Special table 2010-527223

  By the way, when the number of LED elements in series changes, the voltage across the LED lamp (the sum of the forward voltages VF of the LED elements) changes, so the unit current per unit time that flows through the LED lamp after the switching element is turned off The amount of decrease (slope) changes. Here, as shown in FIG. 4, since the OFF time (OFF width) of the switching element is constant, the minimum current value changes according to the number of LED elements in series. As a result, the ripple of the current flowing through the LED lamp changes according to the number of LED elements in series, and as a result, the average current value varies greatly. A large variation in the average current value is not preferable from the viewpoint of the reliability of the LED lamp.

  Then, an object of this invention is to provide the control method of the LED lighting apparatus which can suppress the fluctuation | variation of the average electric current value which flows into a LED lamp, and a LED lighting apparatus.

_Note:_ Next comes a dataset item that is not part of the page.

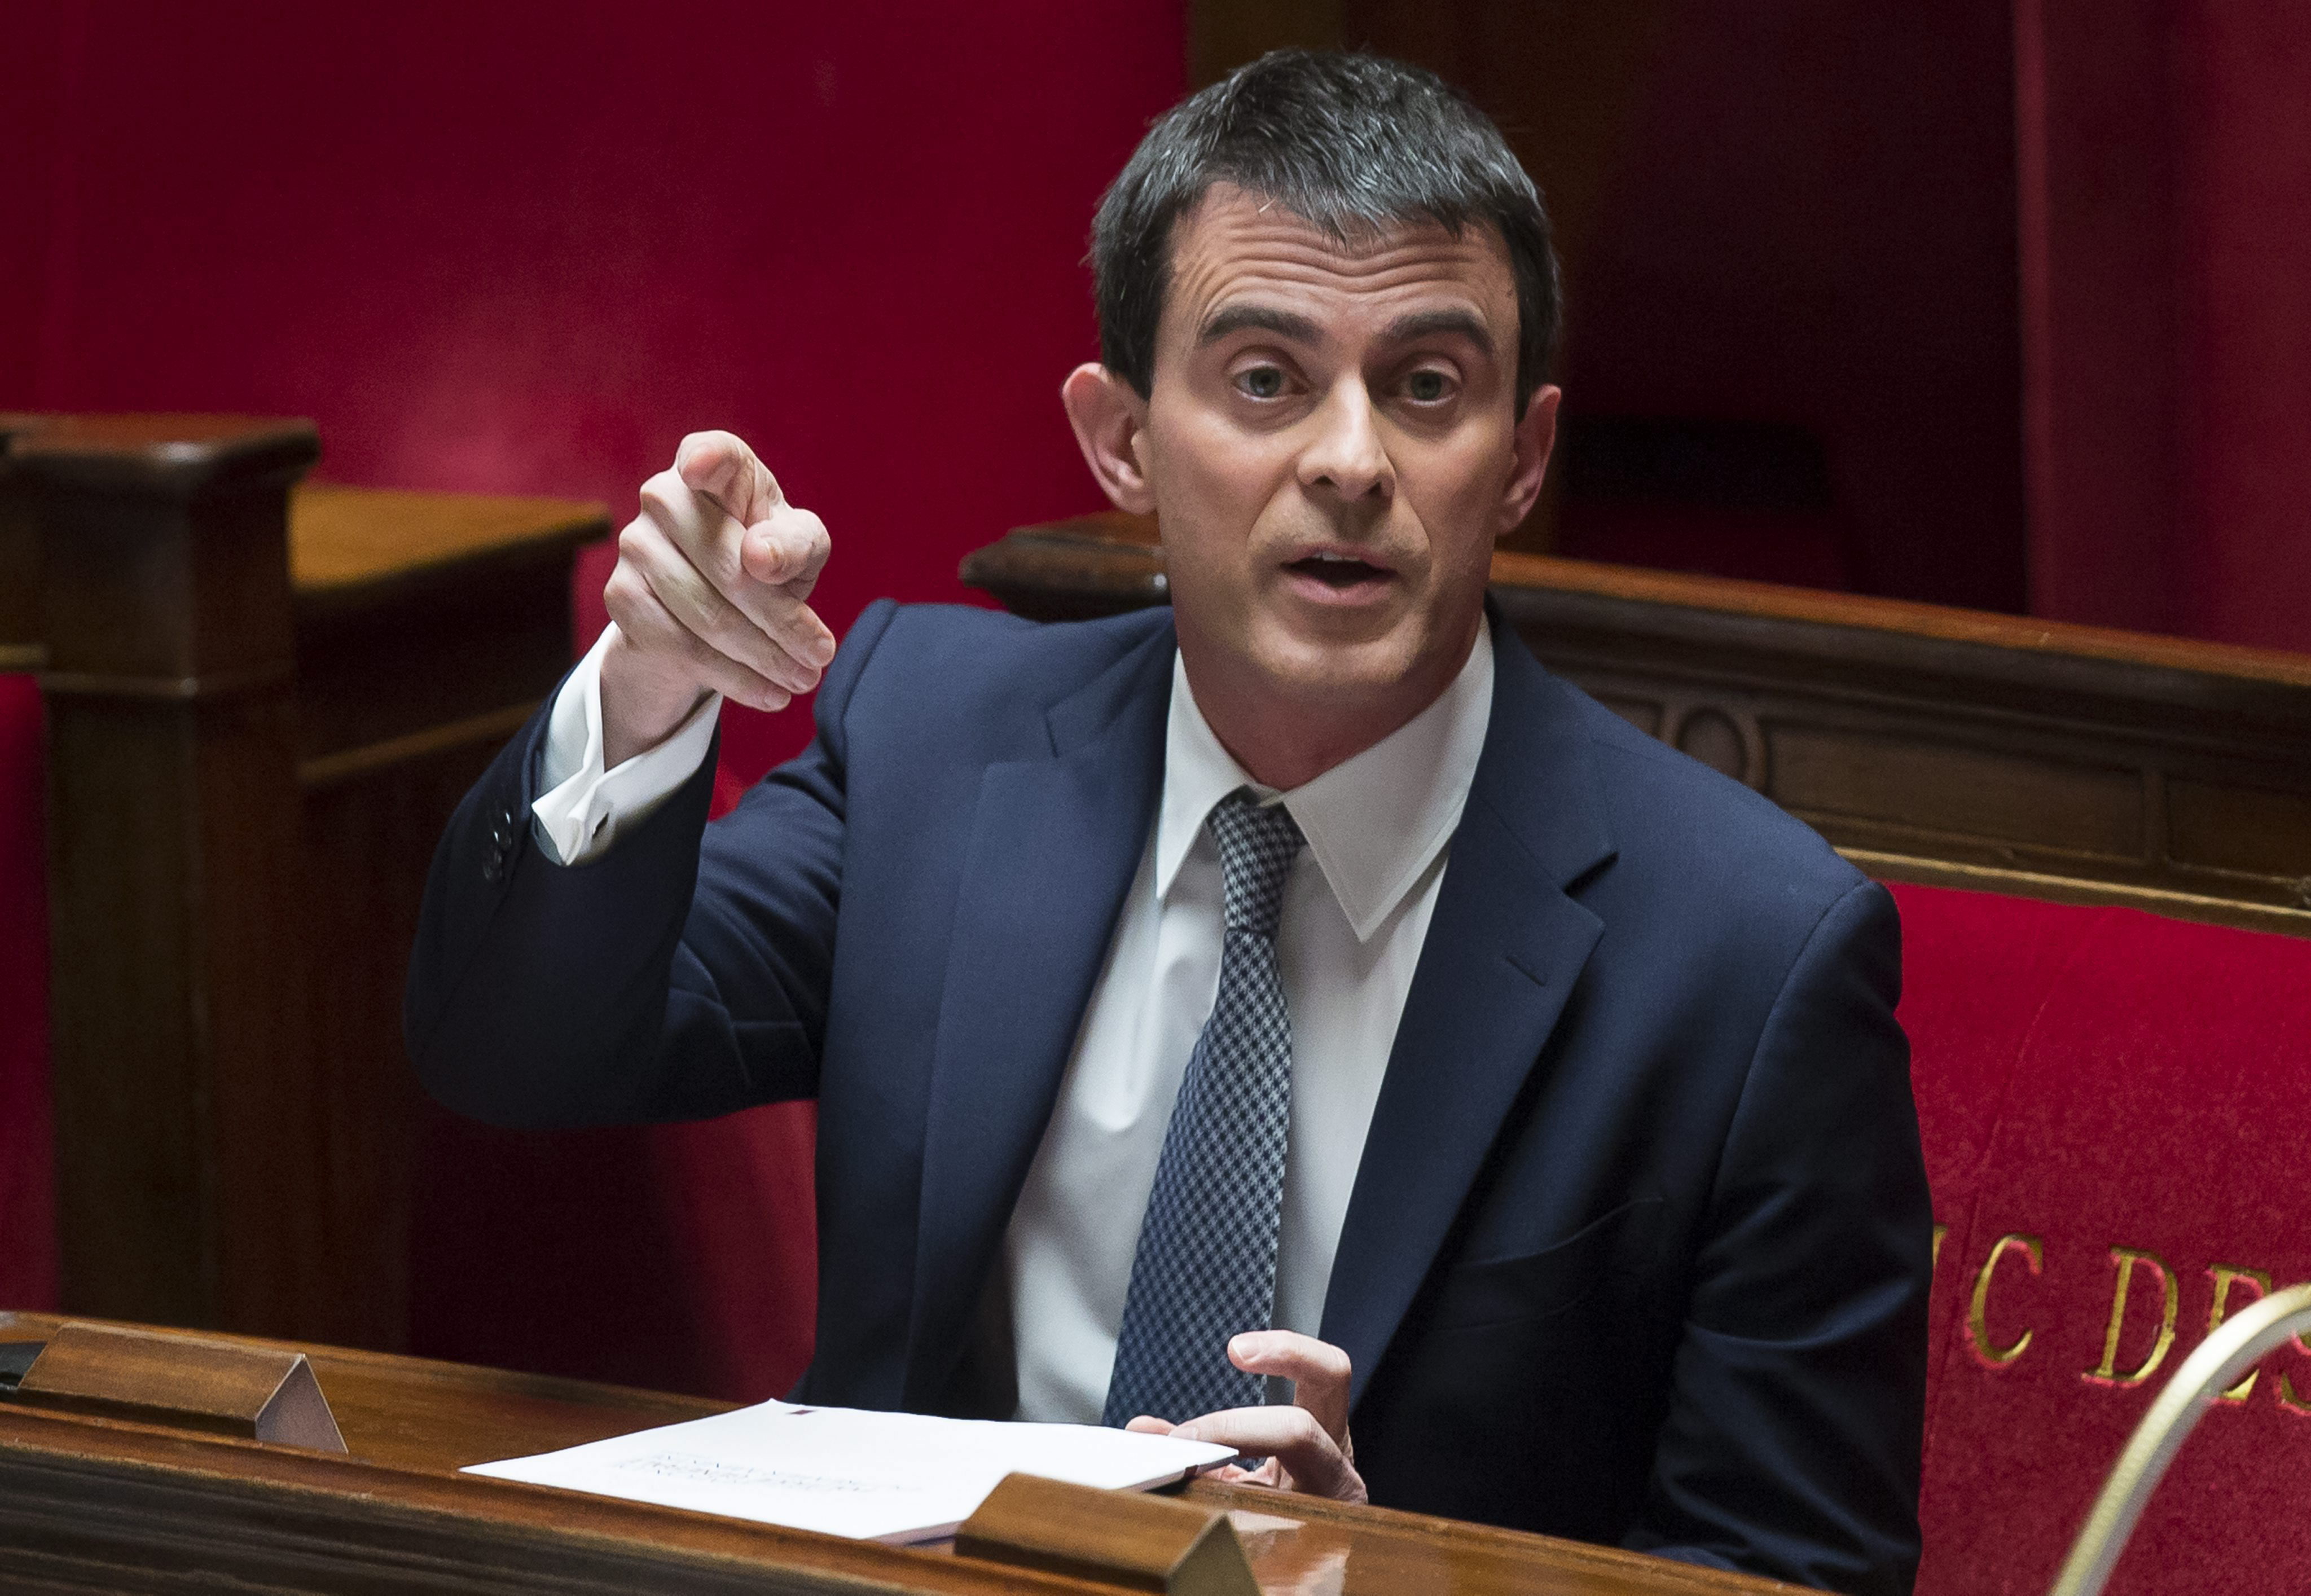 Manuel Valls sigue la estela de las reformas de Mariano Rajoy

An LED lighting device according to an aspect of the present invention is provided.
An LED lamp having a plurality of LED elements connected in series;
A changeover switch for switching the series number of the plurality of LED elements;
A step-down converter having a switching element through which the current of the LED lamp flows, and stepping down a power supply voltage by a switching operation of the switching element and supplying the voltage to the LED lamp;
When the current flowing through the switching element that is turned on reaches a predetermined peak current value, the switching element is switched off for a certain period, and the switching element is switched on after the certain period has elapsed. A first control circuit;
A second control circuit that shortens the certain period as the voltage across the LED lamp increases;
It is characterized by providing.

In the LED lighting device,
The second control circuit may extend the certain period as the voltage across the LED lamp decreases.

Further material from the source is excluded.